The blood group distribution of the recipients is also relevant, and easy to examine.

In [None]:
plot_bloodgroups(recipients["recipient_bloodgroup"], title="Recipient Bloodgroup distribution")
recipient_bloodgroup_distribution = json.loads(recipients["recipient_bloodgroup"].value_counts(normalize=True).to_json())

Next we look at the distribution of cPRA. Since this can take many values, we use a histogram to view the data.

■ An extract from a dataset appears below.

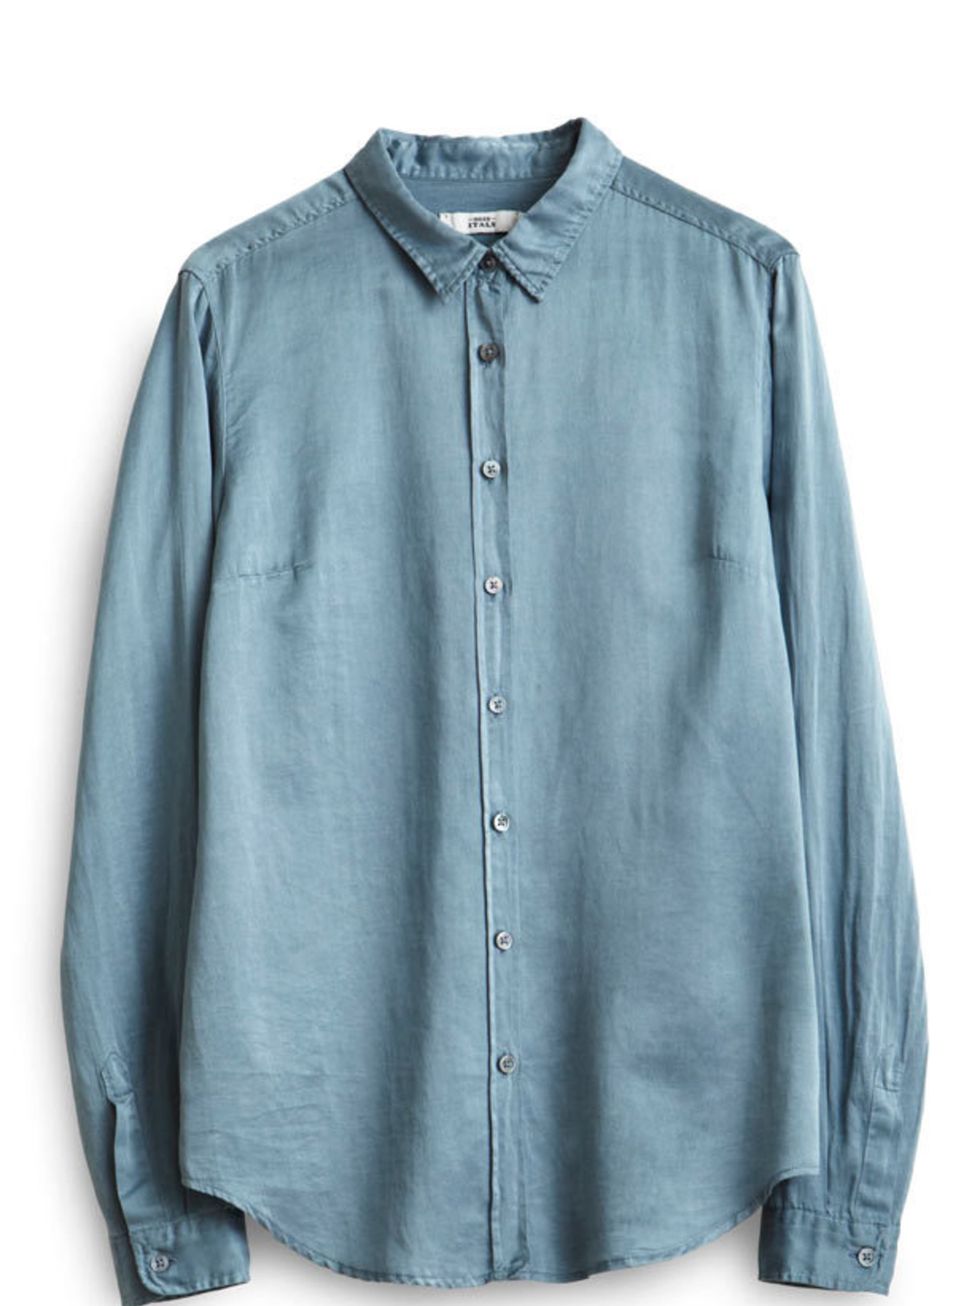 <p>0039 Italy silk shirt, £95, at <a href="http://www.editblue.com/ProductDetails.aspx/Cotton-Silk+Mix+Shirt">EditBlue.com</a></p>

Note that we have specified the bins exactly, you can also just specify a certain number of bins.

In [None]:
cPRA_histogram_bins = [0.05 * index for index in range(0, 21)]
plot = recipients["cPRA"].plot(kind='hist',
                               xlabel='cPRA',
                               ylabel='Frequency',
                               title="cPRA Distribution",
                               bins=cPRA_histogram_bins,
                               edgecolor="black"
                               )
plot.tick_params(rotation=0)

Recall that the correlation matrix indicated a possible link between having a blood group compatible donor and cPRA. We begin by separating recipients into those who have a blood group compatible donor, and those who don't, and create two separate histograms on the same axes.

In [None]:
compatible = recipients[recipients["has_abo_compatible_donor"] == True]["cPRA"]
incompatible = recipients[recipients["has_abo_compatible_donor"] == False]["cPRA"]
fig, ax = plt.subplots()
cpra_results = ax.hist([compatible, incompatible], edgecolor="black", density=True, bins=cPRA_histogram_bins,
                       label=["Has ABO compatible donor", "Does not have an ABO compatible donor"])
ax.set_xlabel("cPRA")
ax.set_ylabel("Frequency")
ax.set_title("cPRA distributions")
ax.legend();

From the plot, it seems likely that there is some link, so we're going to extract this data into configuration for a generator we will use later. We do this by utilising the density-based results from calling `hist()`. We then create the configurations. These are created by capturing, for each bin, the lower and upper bound as well as the probability density of said bin.

Note that we have to slightly shift the upper bound of the last bin. While `matplotlib` ensures that all bins have a strict upper bound except the last, our `kep_solver` software will expect to have a strict upper bound on the last bin. To ensure that we can still get cPRA values equal to 1.0, we have to push this upper bound. The `kep_solver` software will itself ensure that a cPRA above 1.0 will not be generated.

In [None]:
compat_densities = []
incompat_densities = []
for ind, bin_lower in enumerate(cPRA_histogram_bins[:-1]):
    bin_upper = cPRA_histogram_bins[ind+1]
    # plt.hist returns a probability density such that the integral over all probabilities is equal to one.
    # We just want sum of probabilities to equal one, so multiply each probability by the bin width
    probability_compatible = cpra_results[0][0][ind] * (bin_upper - bin_lower)
    probability_incompatible = cpra_results[0][0][ind] * (bin_upper - bin_lower)
    # We have to slightly tweak the upper bound of the last bin. matplotlib makes the last upper bound closed,
    # while kep_solver expects it to be open
    if ind == len(cPRA_histogram_bins) - 2:
        bin_upper += 1e-6
    compat_densities.append(((bin_lower, bin_upper), probability_compatible))
    incompat_densities.append(((bin_lower, bin_upper), probability_incompatible))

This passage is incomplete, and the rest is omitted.